John Schlesinger’s rambling version of The Day of the Locust (1975) saw Sutherland as a sexually repressed character – called Homer Simpson – who tramples a woman to death in an act of uncontrolled rage. Perhaps Bernardo Bertolucci had that in mind when he cast Sutherland in 1900 (Novecento, 1976), in which he is a broadly caricatured fascist thug who shows his sadism by smashing a cat’s head against a post and bashing a young boy’s brains out. “And I turned down Deliverance and Straw Dogs because of the violence!” Sutherland recalled.
In Fellini’s Casanova, the second of his two bizarre Italian excursions in 1976, Sutherland coldly calculates seduction under his heavily made-up features. The performance, as remarkably stylised as it is, still reveals the suffering soul within the sex machine.
In 1978 he appeared in Claude Chabrol’s Blood Relatives, a made-in-Canada murder mystery with Sutherland playing a Montreal cop investigating the murder of a young woman. More commercial was The Eagle Has Landed (1976), with Sutherland, attempting an Irish accent, as an IRA member supporting the Germans during the second world war, and as a chilling Nazi in Eye of the Needle (1981). Meanwhile, he was the hero of Invasion of the Body Snatchers (1978), who resists the insidious alien menace until the film’s devastating final shot.
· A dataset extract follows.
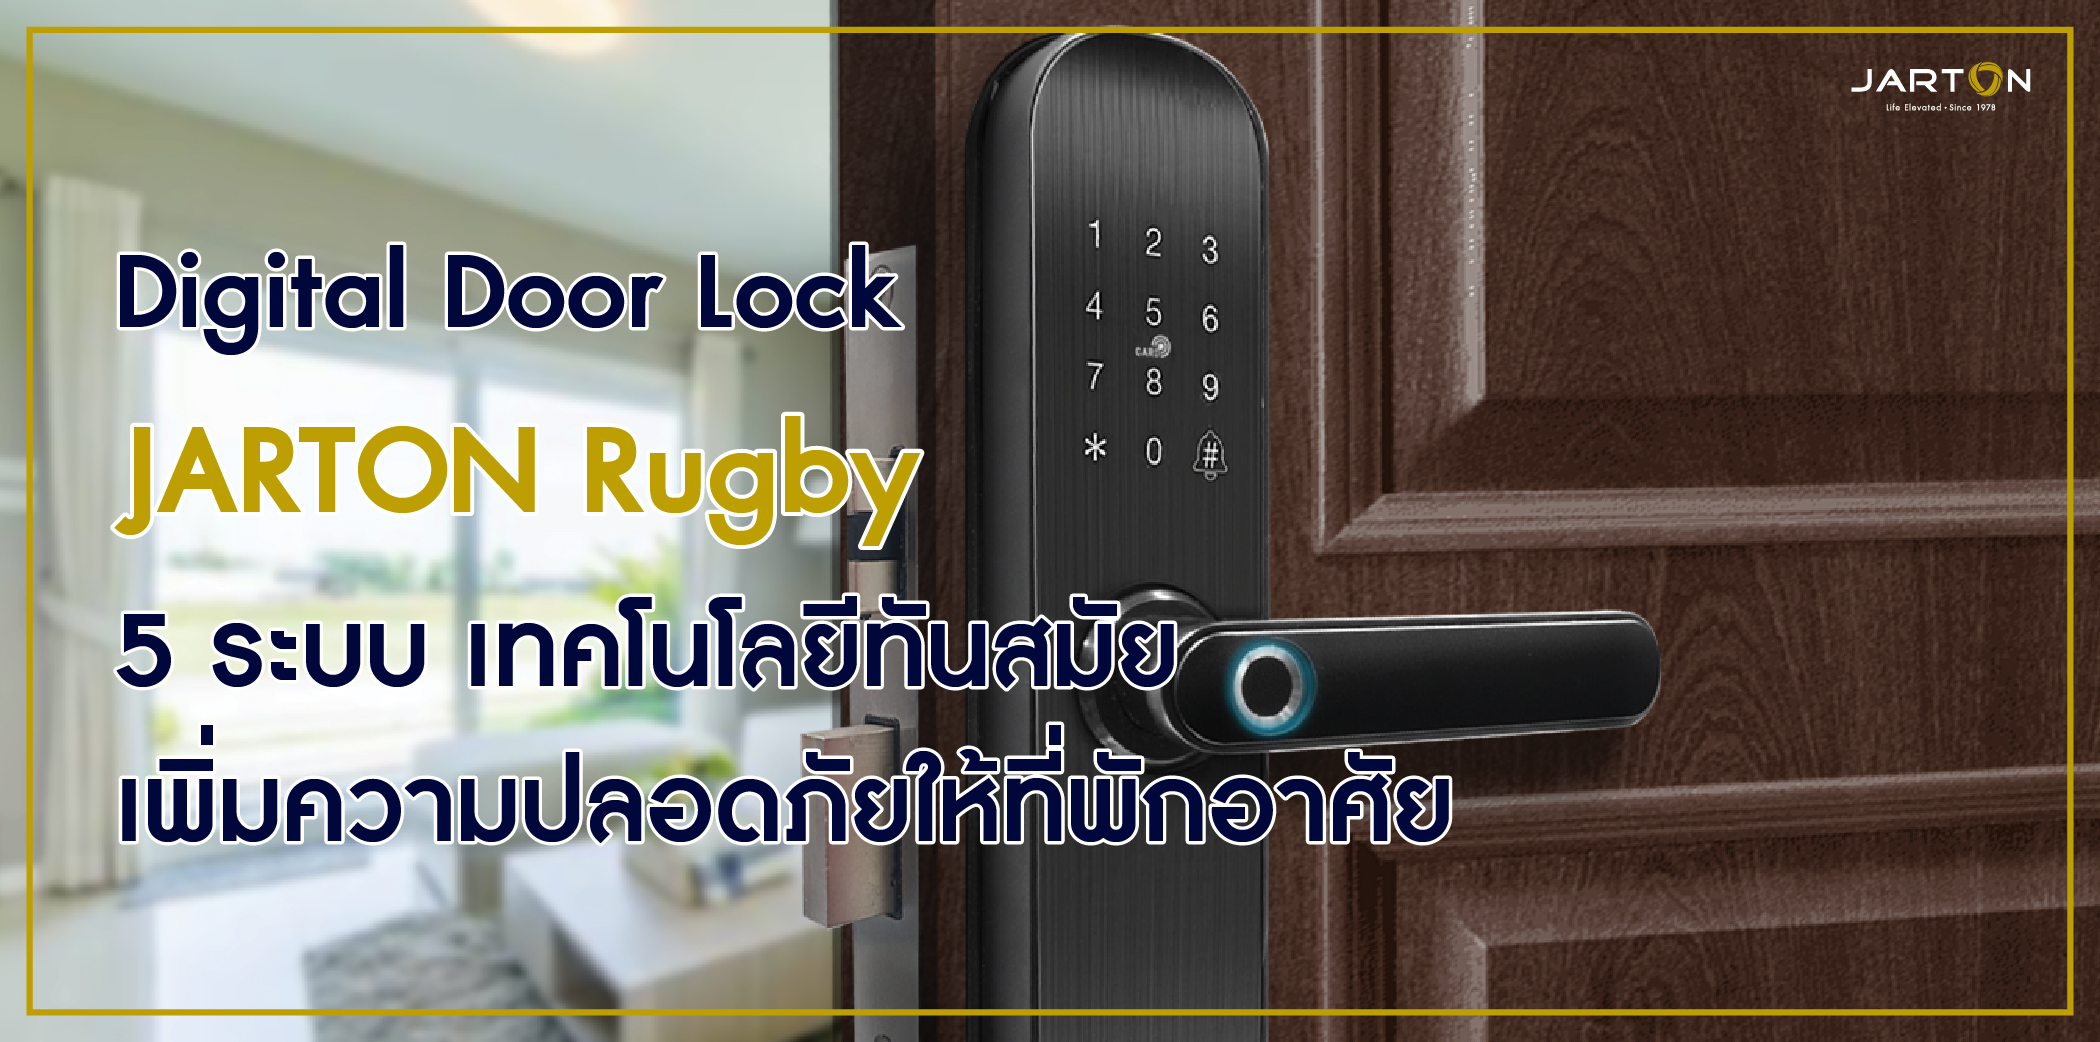 Digital Door Lock JARTON Rugby 5 ระบบ เทคโนโลยีทันสมัย เพิ่มความปลอดภัยให้ที่พักอาศัย

In 1981 Sutherland returned to the stage, as Humbert Humbert in a highly anticipated version of Vladimir Nabokov’s Lolita, adapted by Edward Albee. It turned out to be a huge flop, running only 12 performances on Broadway. Both Sutherland and Albee played the blame game. “The second act is flawed,” Sutherland said. “Albee was supposed to have rethought it, but he never did.” Albee told reporters that he had scuttled some of his best scenes because they were “too difficult” for Sutherland because “he hasn’t been on stage for 17 years”.
Continuing his film career, Sutherland played a complex and sadistic British officer in Hugh Hudson’s Revolution (1985), and in A Dry White Season (1989) he took the role of an Afrikaner schoolteacher beginning to understand the brutal realities of apartheid. In Oliver Stone’s JFK (1991), he held the screen with an extended monologue as he spilled the conspiracy beans to Kevin Costner’s district attorney hero Jim Garrison.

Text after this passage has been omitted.